▸ RECORDED INFORMATION
Start of Block
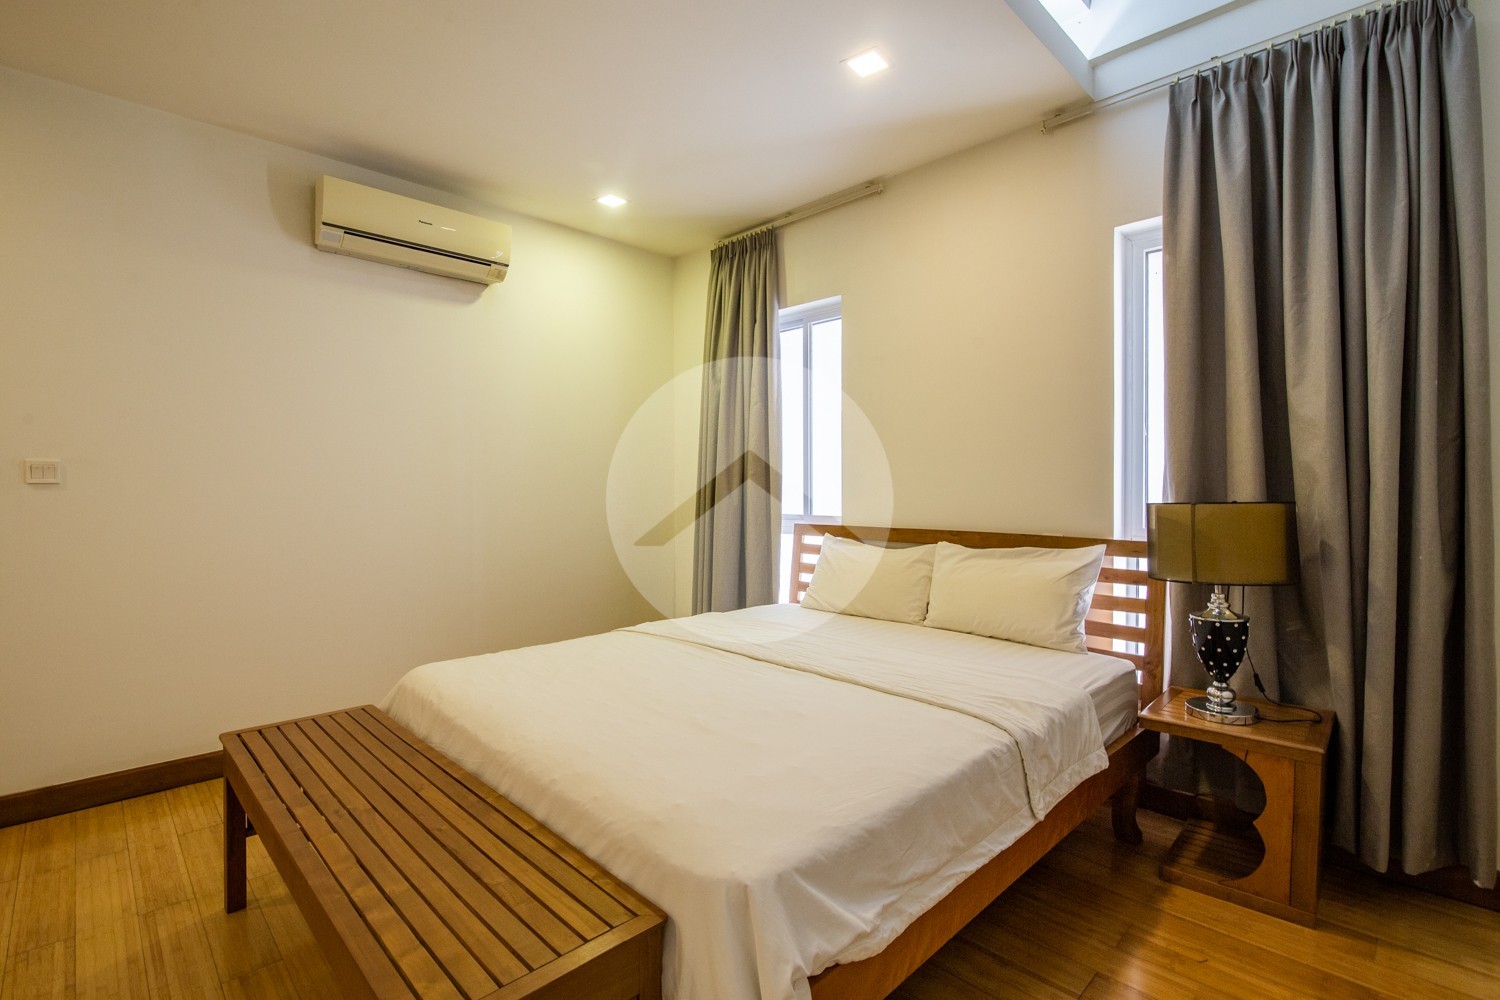 BKK1 Serviced Apartment for Rent - 2 Bedrooms thumbnail
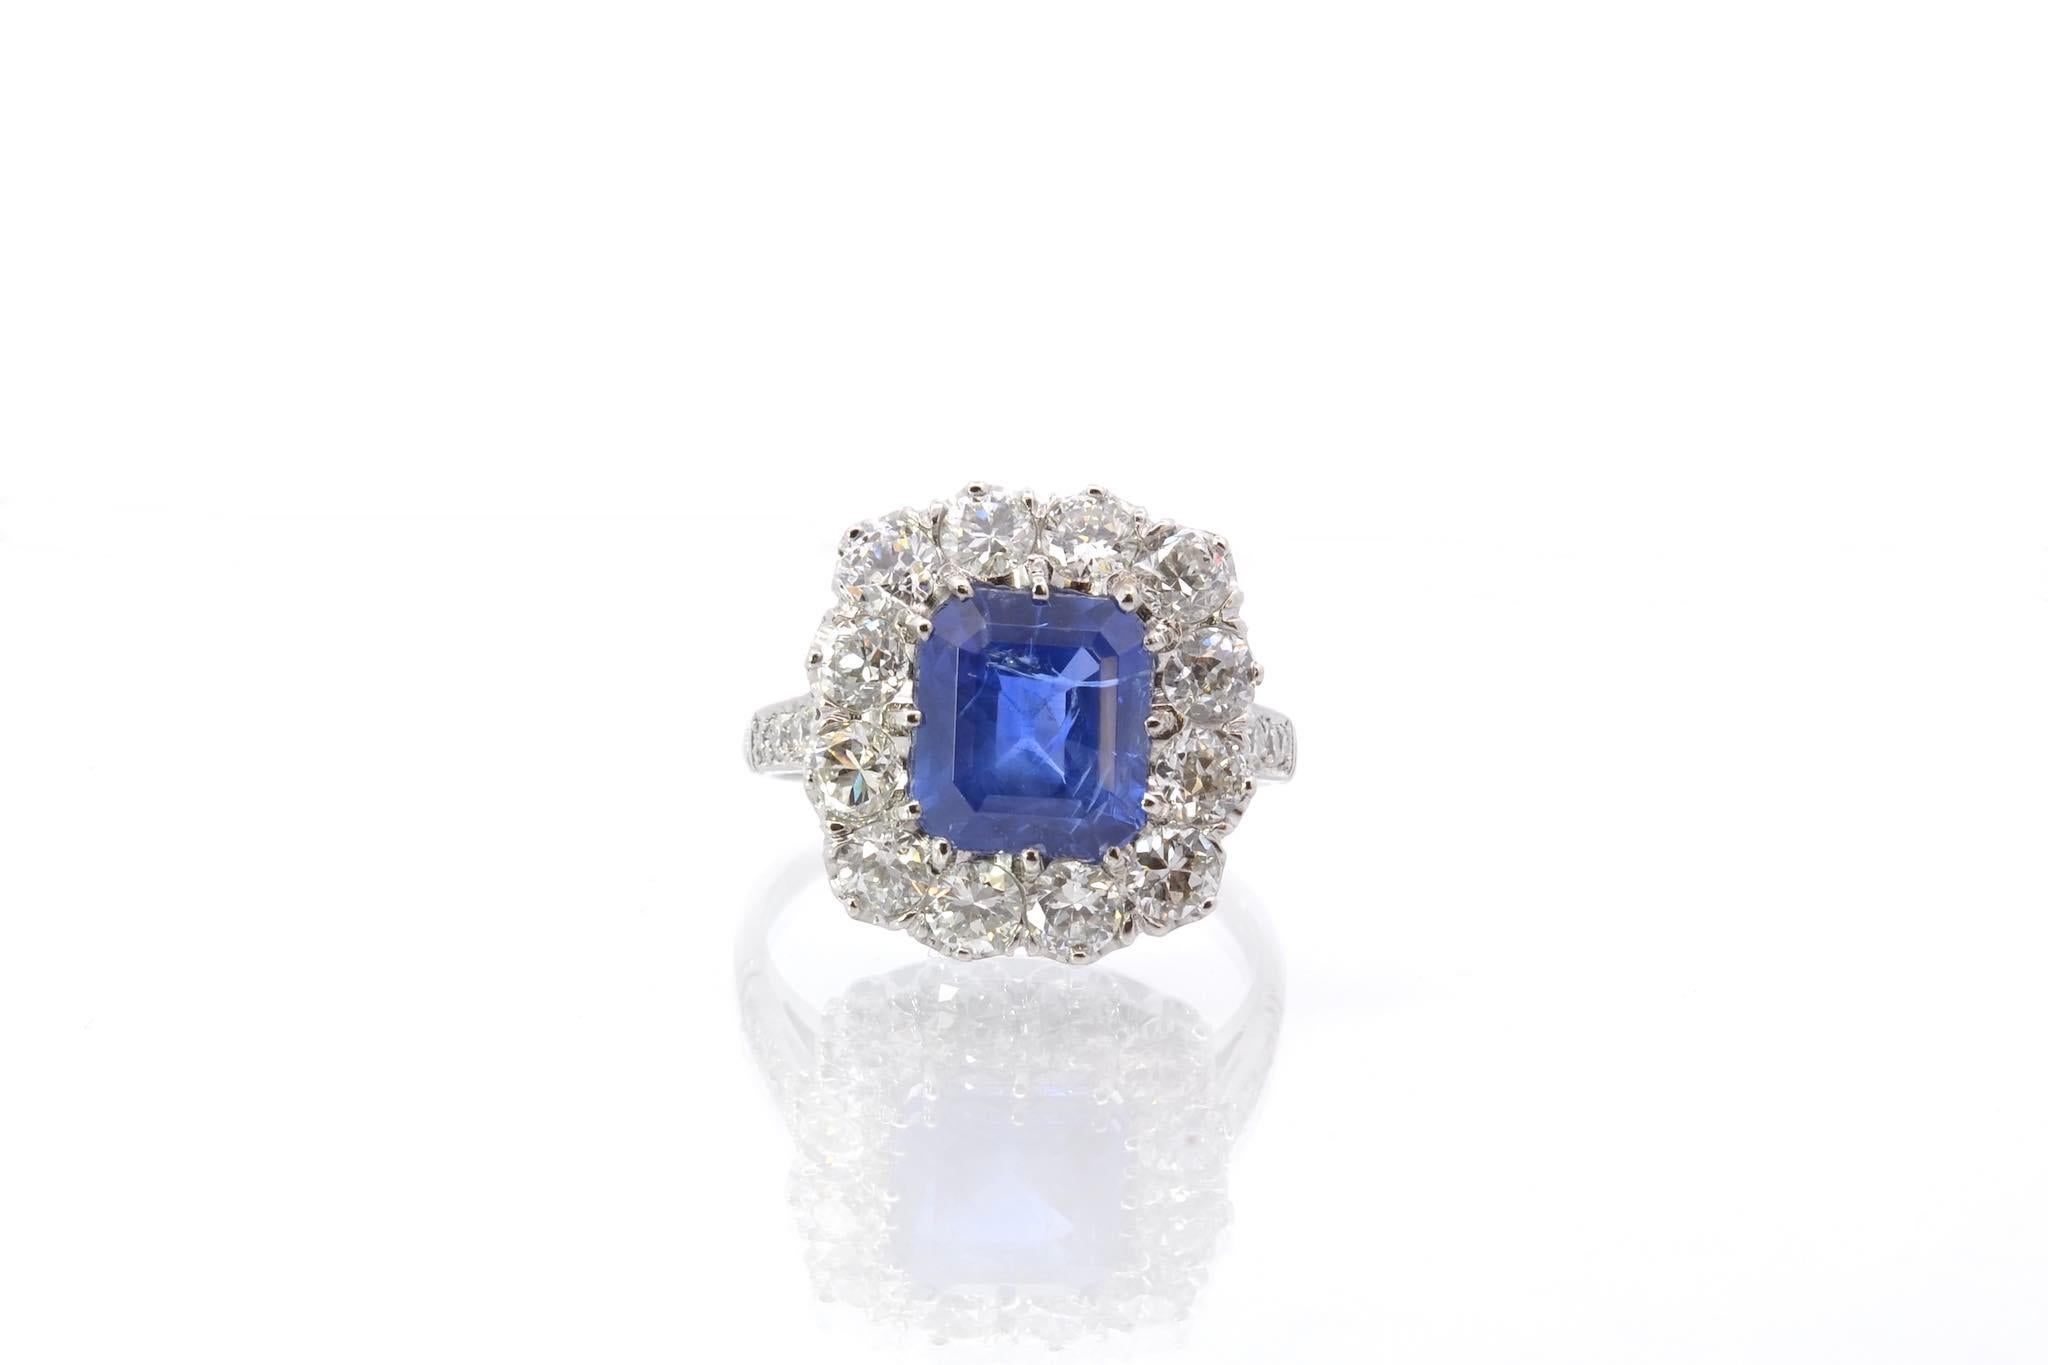 Stones: Sapphire of 4.24 cts and 18 diamonds of 1.70 cts
Material: Platinum
Dimensions: 1.6 x 1.5cm
Weight: 6.3g
Period: Recent vintage style
Size: 52 (free sizing)
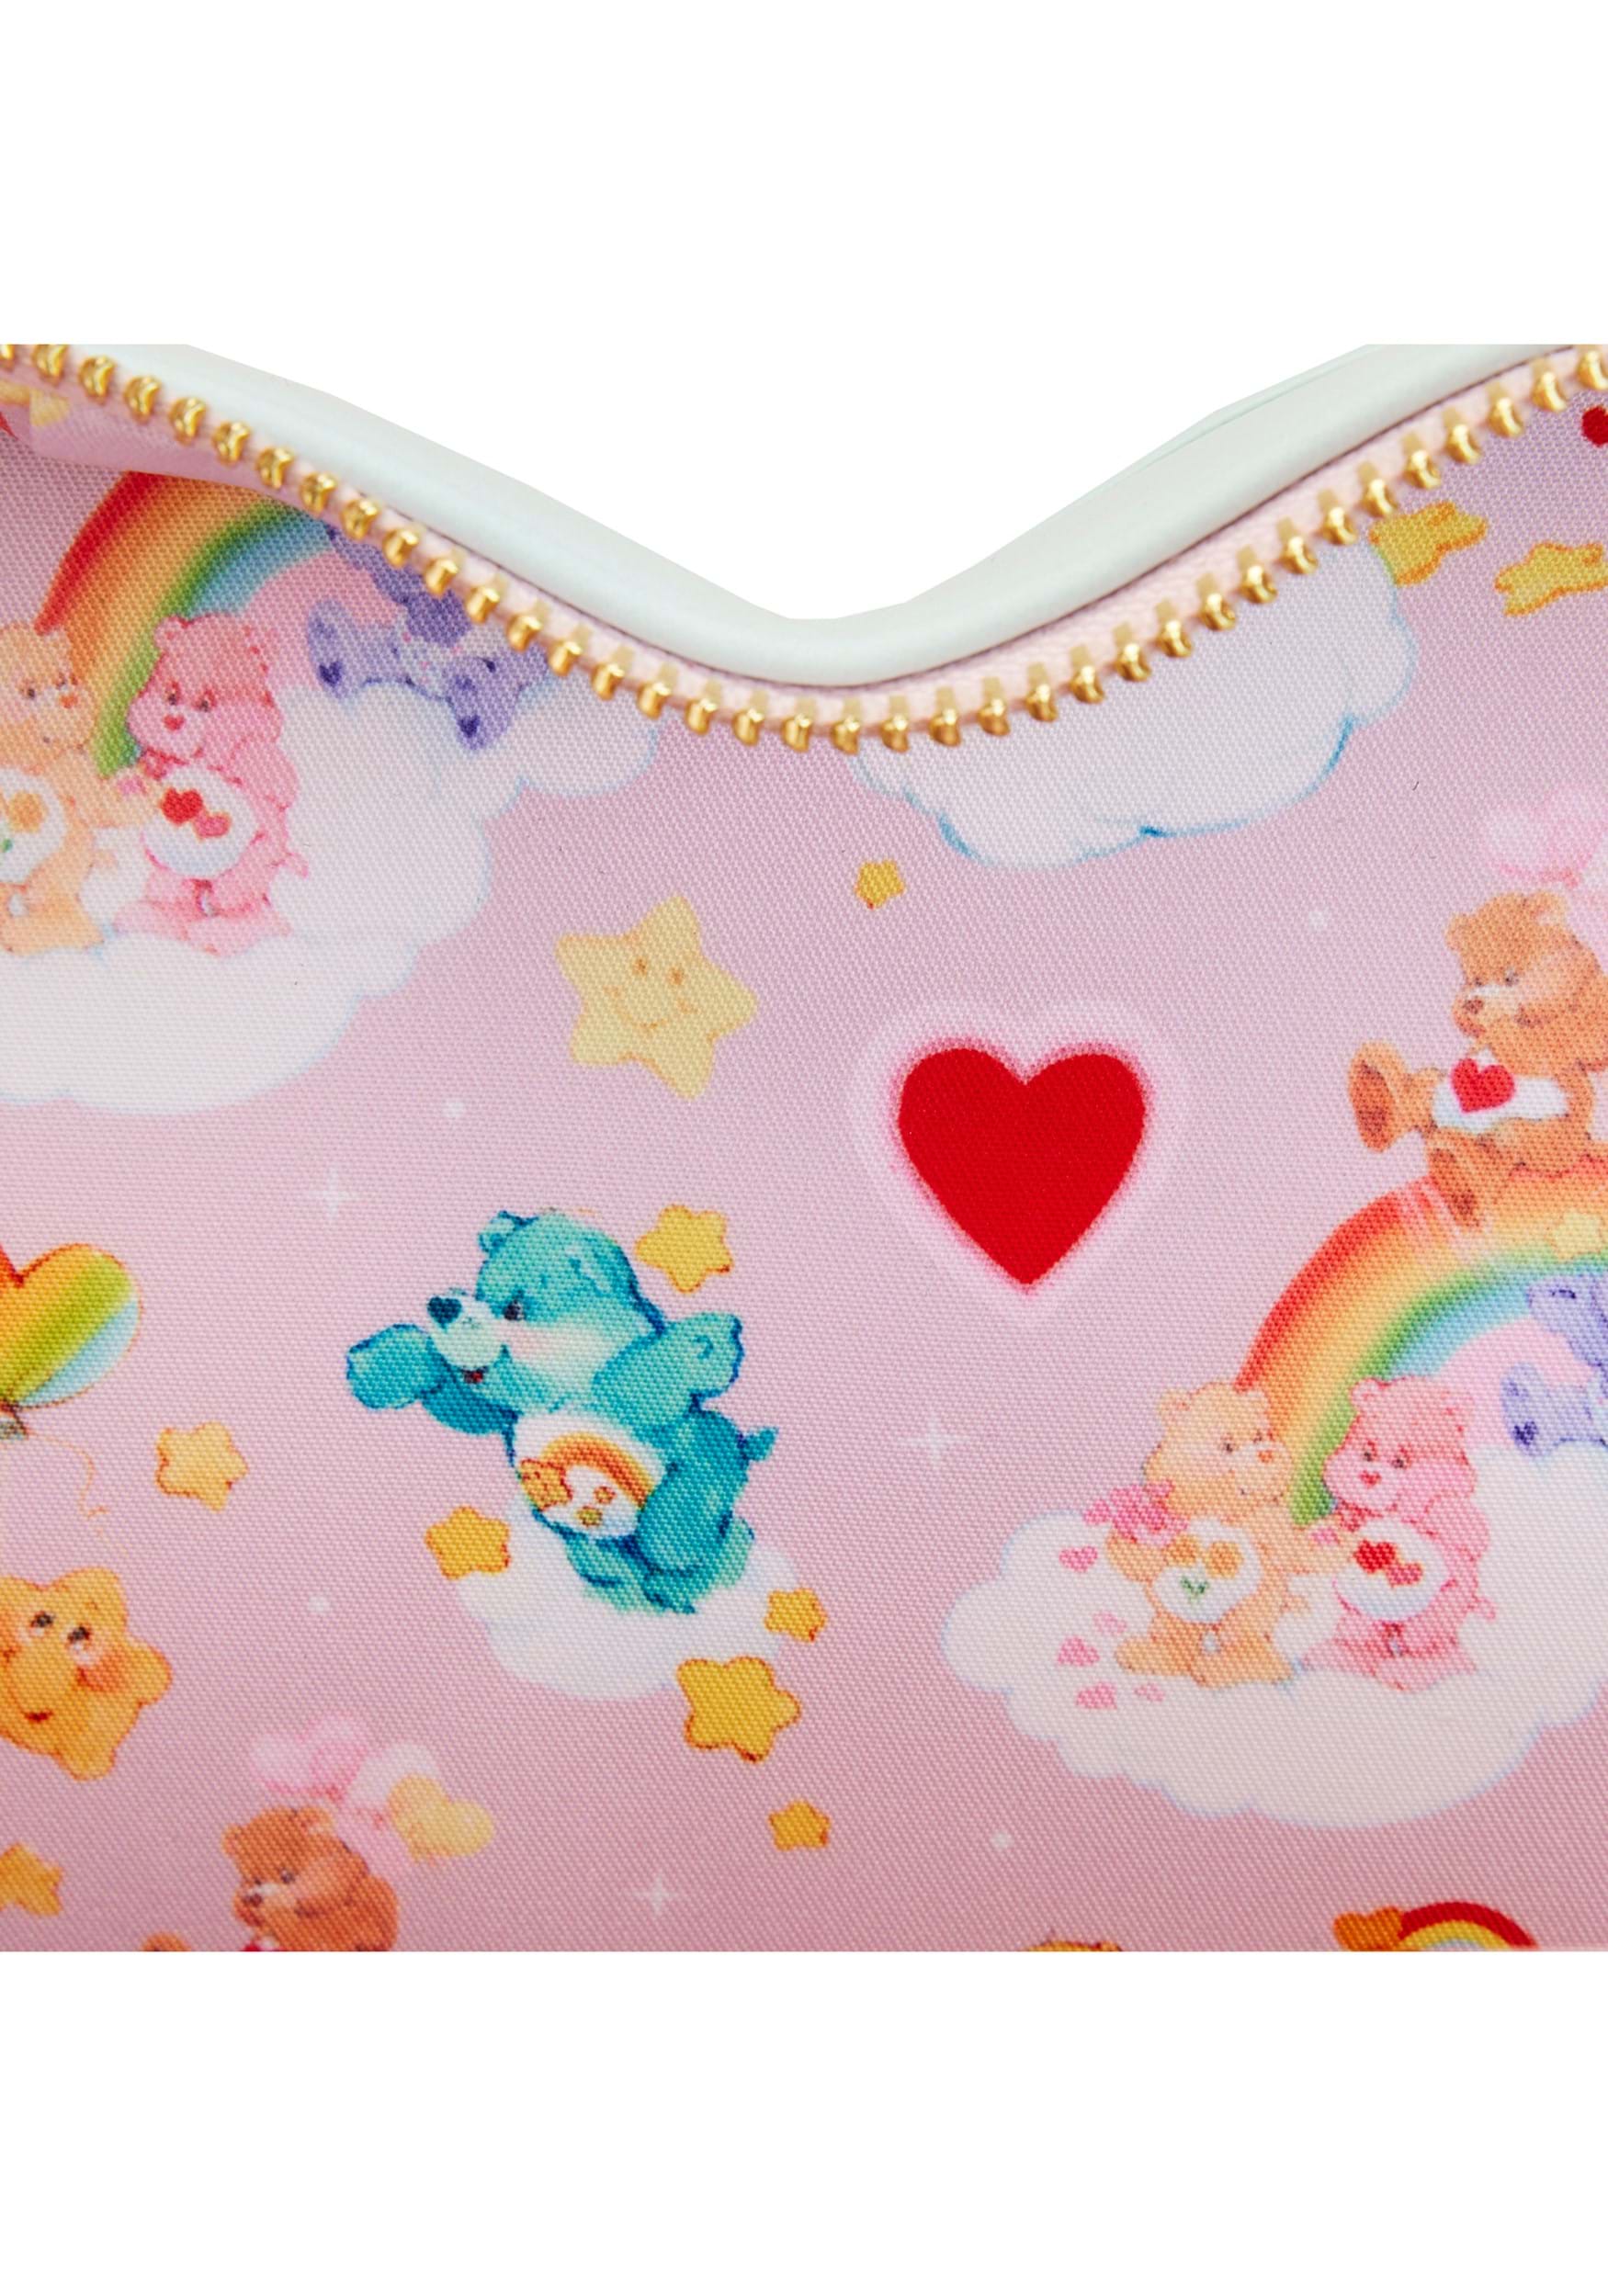 Loungefly Care Bears Heart Cloud Party Crossbody Bag With Rainbow Strap
End of Block
▸ ASSIGNMENT
In your copy of the listing, please omit the pictures and keep every word exact.

▸ RESULT
 BKK1 Serviced Apartment for Rent - 2 Bedrooms thumbnail
 Stones: Sapphire of 4.24 cts and 18 diamonds of 1.70 cts
Material: Platinum
Dimensions: 1.6 x 1.5cm
Weight: 6.3g
Period: Recent vintage style
Size: 52 (free sizing)
 Loungefly Care Bears Heart Cloud Party Crossbody Bag With Rainbow Strap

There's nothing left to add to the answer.